Рационалист, по сути, — это просто человек, который в определенных направлениях доводит процессы сомнения, анализа и суждения дальше, чем это делают люди другого склада ума. Его сосед, который верит в «Бога» или «святых» или миссис Эдди, может случайно довести эти процессы в других направлениях дальше, чем он, — может быть более рефлексивным, экспериментальным и рассудительным, например, в вопросах диеты, — может даже быть аналитическим мыслителем в вопросах науки, о которых так называемый рационалист не задумывался самостоятельно. Существуют хорошо известные примеры людей науки, которые путем анализа расширяют границы физического знания, принимая при этом, способами, которые другие люди находят гротескно некритичными, свободные суждения о психическом существовании. Когда слышны звуки от мебели, рационалист с его натуралистической предвзятостью ищет объяснения в терминах физики; в то время как спиритуалист, даже если он случайно окажется профессиональным физиком, ищет их в терминах спекулятивной психики.

При строго беспристрастном и «объективном» рассмотрении оба вида предвзятости видятся как одинаковые формы влечения, желания, ищущие удовлетворения. Оба исследователя ищут «причины». Но один имеет привычку искать причины в терминах последовательностей известных или умопостигаемых процессов, способных к волевому повторению; другой жаждет найти доказательство существования нематериальных личностей в космосе и в своем личном окружении, и, веря в такое существование заранее, либо временно, либо глубоко, надеется привести других к своему образу мыслей путем демонстрации того, что определенные физические явления физически непроизводимы. И ему должно быть предоставлено, что в этом он теоретически наравне с человеком науки — физической или моральной — который, спонтанно сформулировав гипотезу, стремится найти, что факты соответствуют ей.

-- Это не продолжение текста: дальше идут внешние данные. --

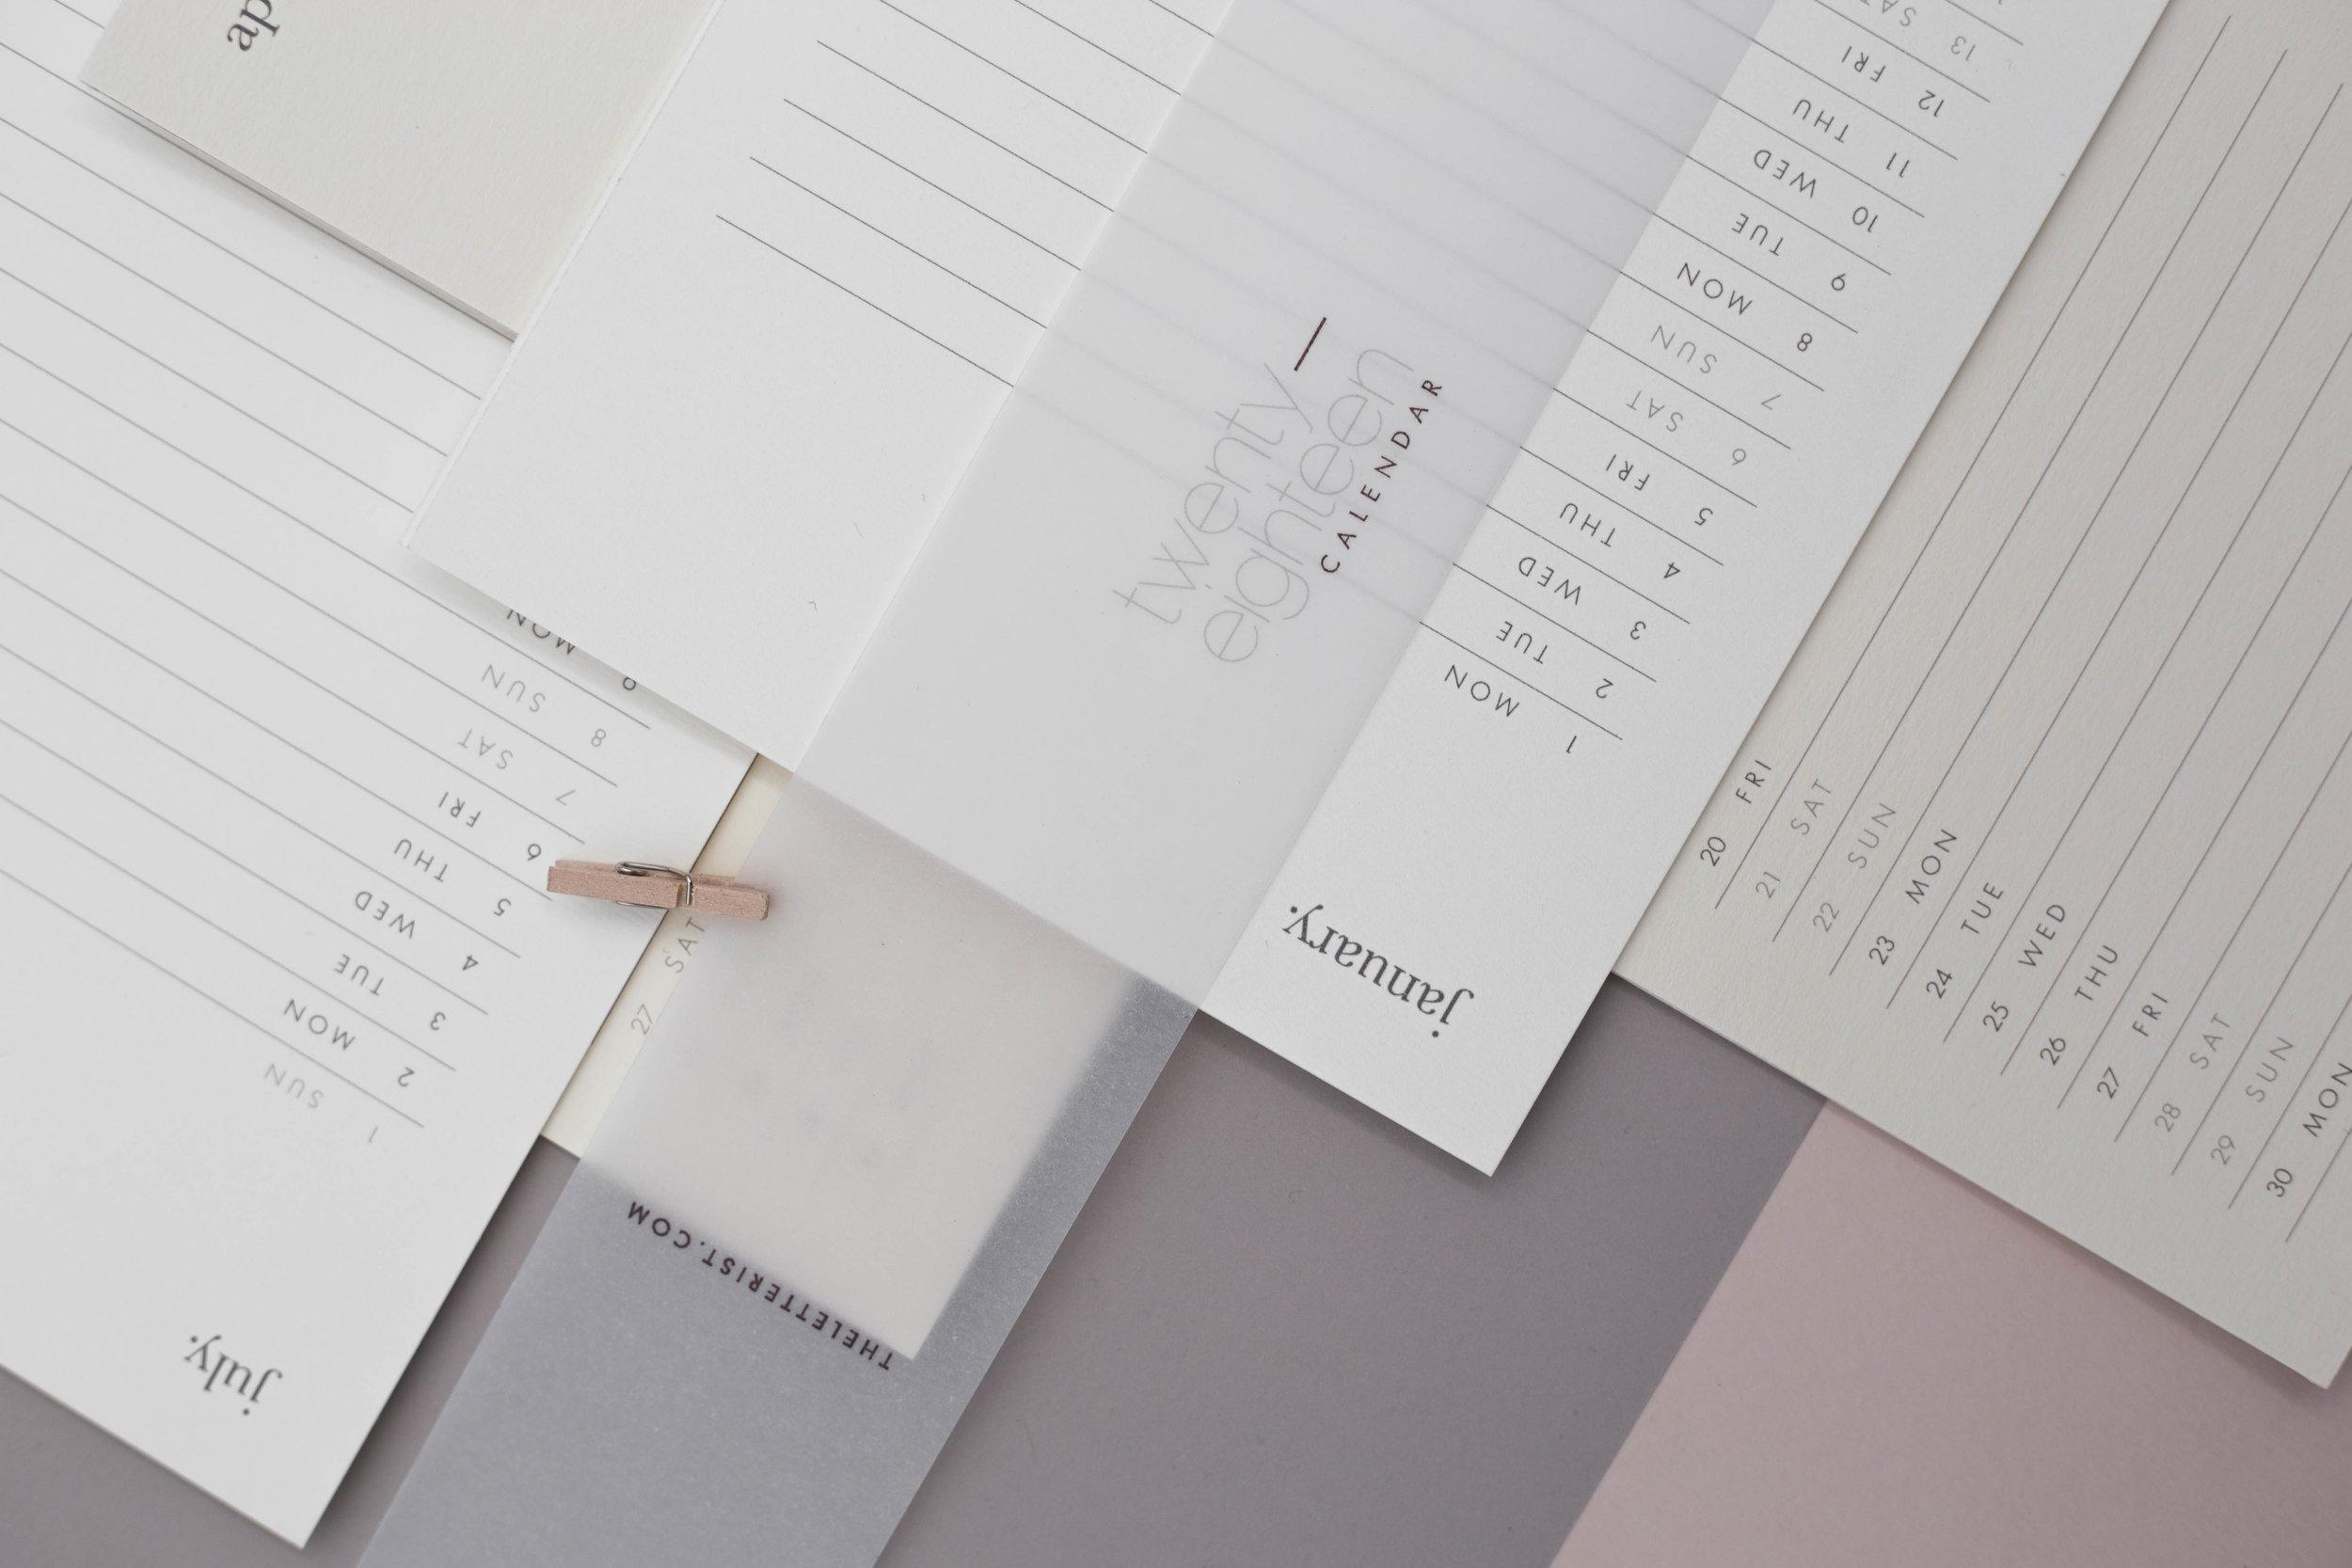 the-letterist-2018-calendar-01.jpg

Каждый человек с гипотезой, в широком смысле, хочет найти, что факты таковы-то.

Рационалист, следовательно, имеет свою предвзятость, как и другой. Хотя она принимает отчасти критическую или негативную форму, она фундаментально столь же позитивна, как и другая. Он пришел к жажде связности и последовательности в повествованиях, утверждениях, объяснениях, аргументах, предложениях и системах мысли; точно так же, как его «противоположность» или конкурент пришел к жажде доказательства того, что нечто «сверхъестественное» осуществляет целенаправленный и «разумный» контроль, опосредованный или непосредственный, над всеми вещами, используя среди прочих «сверхнормальные» средства. Этот «противоположный» мыслитель может или не может верить в «духов» в обычном смысле, может или не может верить в бессмертие человеческих умов; но если он действительно должен быть противником рационалистической предвзятости, он классифицируется как имеющий предвзятость к традиционным или авторитетным взглядам на космос, к религиозным, в противовес натуралистическим, объяснениям истории, к концепции человеческих, как и внечеловеческих процессов в терминах контролирующей воли и цели. Он тоже, это правда, должен иметь некоторую жажду связности и последовательности — иначе он не мог бы спорить и рассуждать вообще; но другая жажда в нем превзошла эту.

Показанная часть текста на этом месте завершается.